I do expect how we approach developing firmware for embedded will change somewhat as we will need to embrace a test-driven approach that provides meaningful feedback to AI agents (e.g. developing test jig software and target microcontroller firmware in tandem).

My plan is to build as much of my next hardware product through AI and remotely, only looping myself in for human tasks like asking the intern to wire pins together. So we'll see how this space evolves.

Final Thoughts

The AI space is moving so quickly this year that all of the developer tools we use now in April 2025 will be made obsolete by year-end (or at least so greatly enhanced they are not substantially same for same).

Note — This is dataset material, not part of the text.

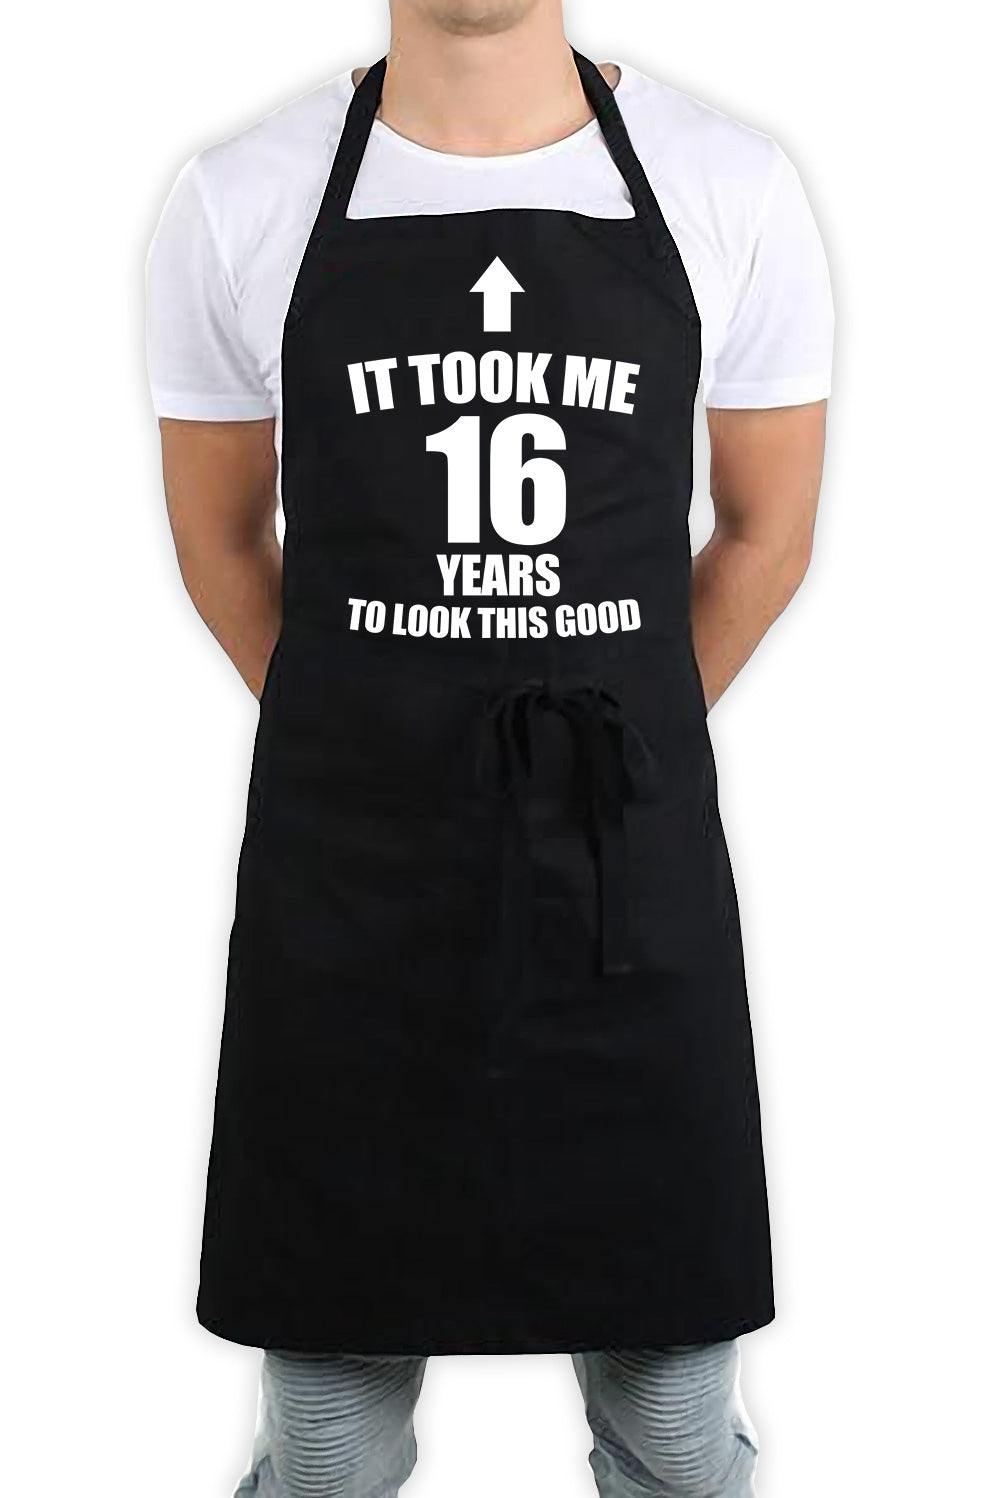 It Took Me 16 Years To Look This Good Funny Kitchen BBQ Apron Black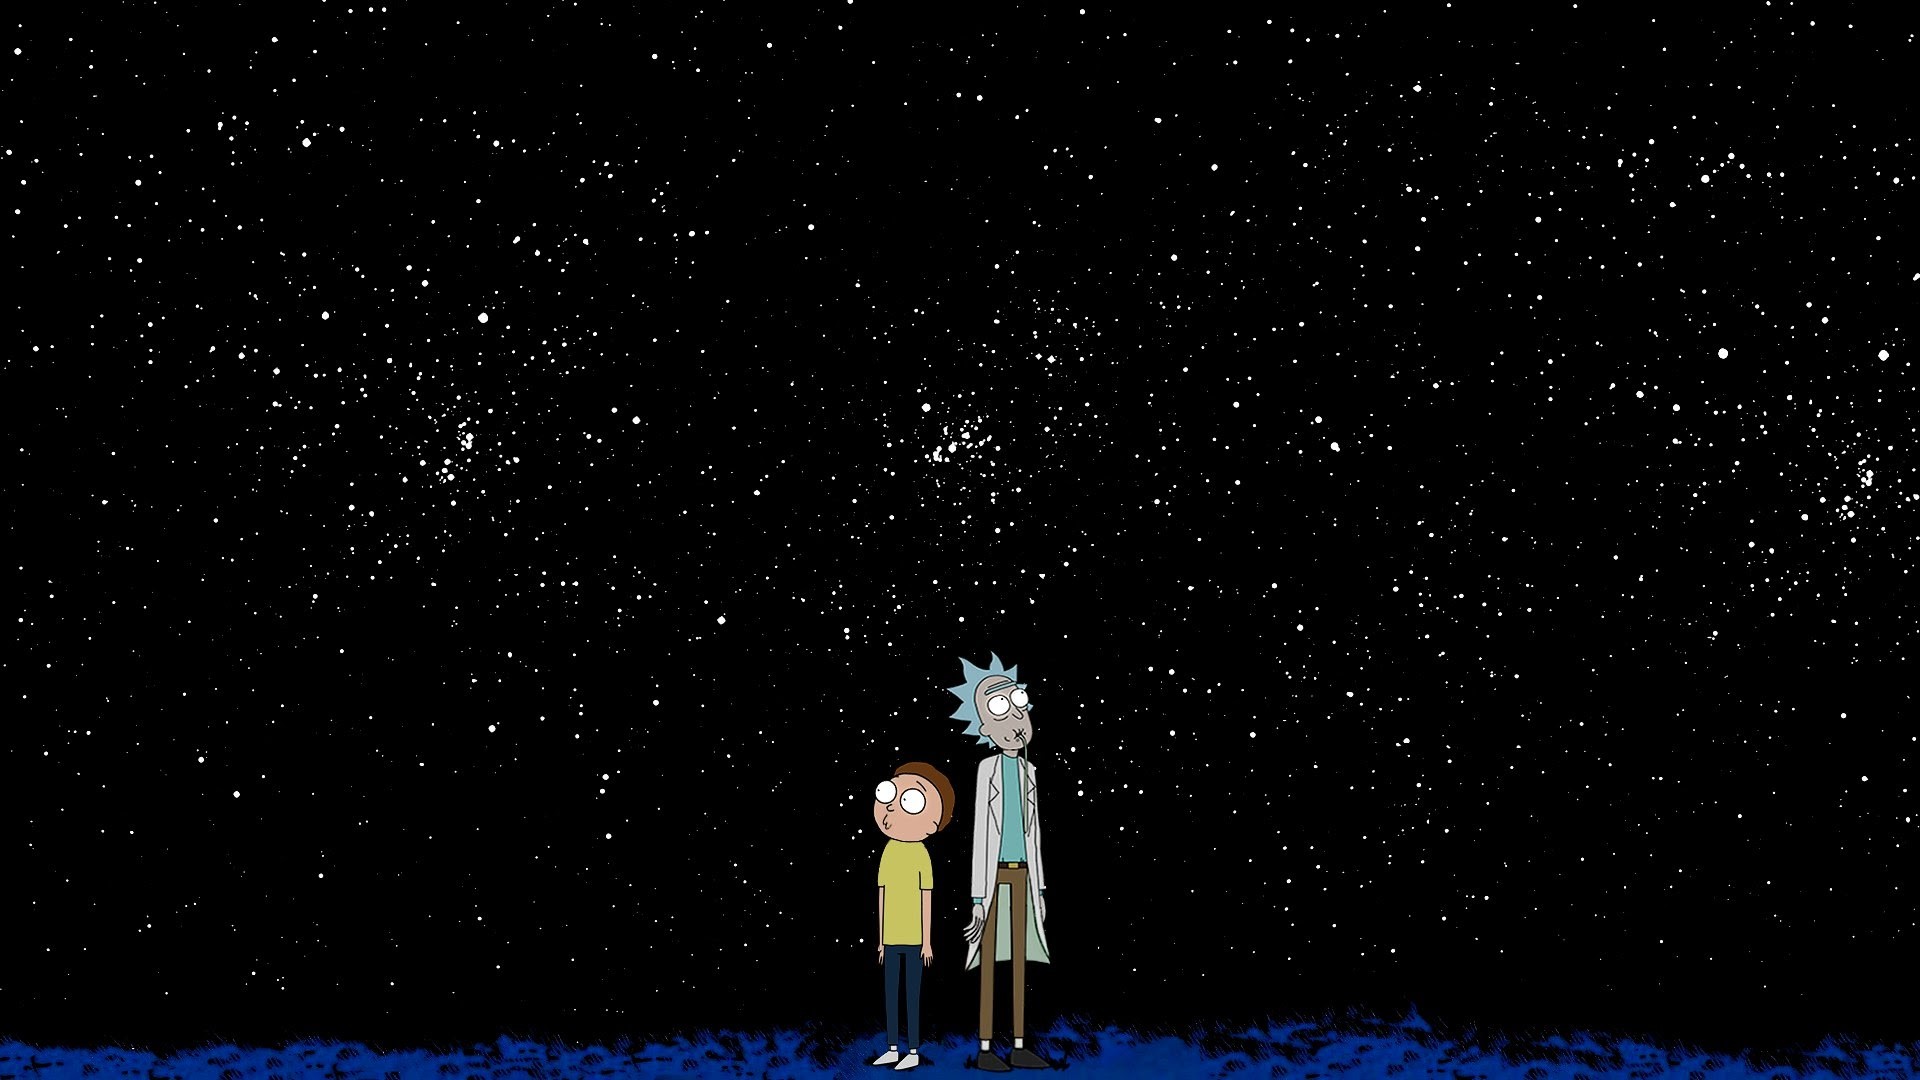 Best Rick and Morty Wallpaper with image resolution 1920x1080 pixel. You can use this wallpaper as background for your desktop Computer Screensavers, Android or iPhone smartphones

For my part, I have joined the model context protocol (MCP) band-wagon. MCP servers dynamically list remote tools, prompts, and other resources that can be consumed by MCP clients. An MCP client could be an AI agent performing business activities like triaging an email inbox, researching sales prospects, generating PDF reports, or it can be developer software like Cursor or ra-aid. A panoply of MCP servers can be found at such websites as Smithery.ai, github.com...awesome-mcp-servers, and of course Google.

I contributed custom tool calling to ra-aid in March which allows the AI assistant to call third-party MCP tools or to write their own custom tools for use in a project. This is really only useful for enhancing the capabilities of the AI assitant and therefore would comprise MCP tools around understanding and writing code.

In the last couple weeks I have also been writing a minimal library for MCP servers called django-mcp that wraps the official Anthropic python-sdk . The basic goal is to add idomatic decorators and functions specific to Django that makes it easier to serve any Django web application's data and services to 3rd party MCP clients. The modelcontextprovider-python-sdk and the MCP specification itself is rapidly changing so I also hope to provide some kind of abstraction layer that can provide a stable and consistent interface for Django developers, insulating them from changes in the SDK and specification while still allowing Django applications to serve MCP tools and prompts and the rest. Contributions to the project are welcome and the immediate roadmap includes adding support for authentication, Streamable HTTP transport, and helper functions to wrap database objects with per-user object permissions (i.e. authorization concerns).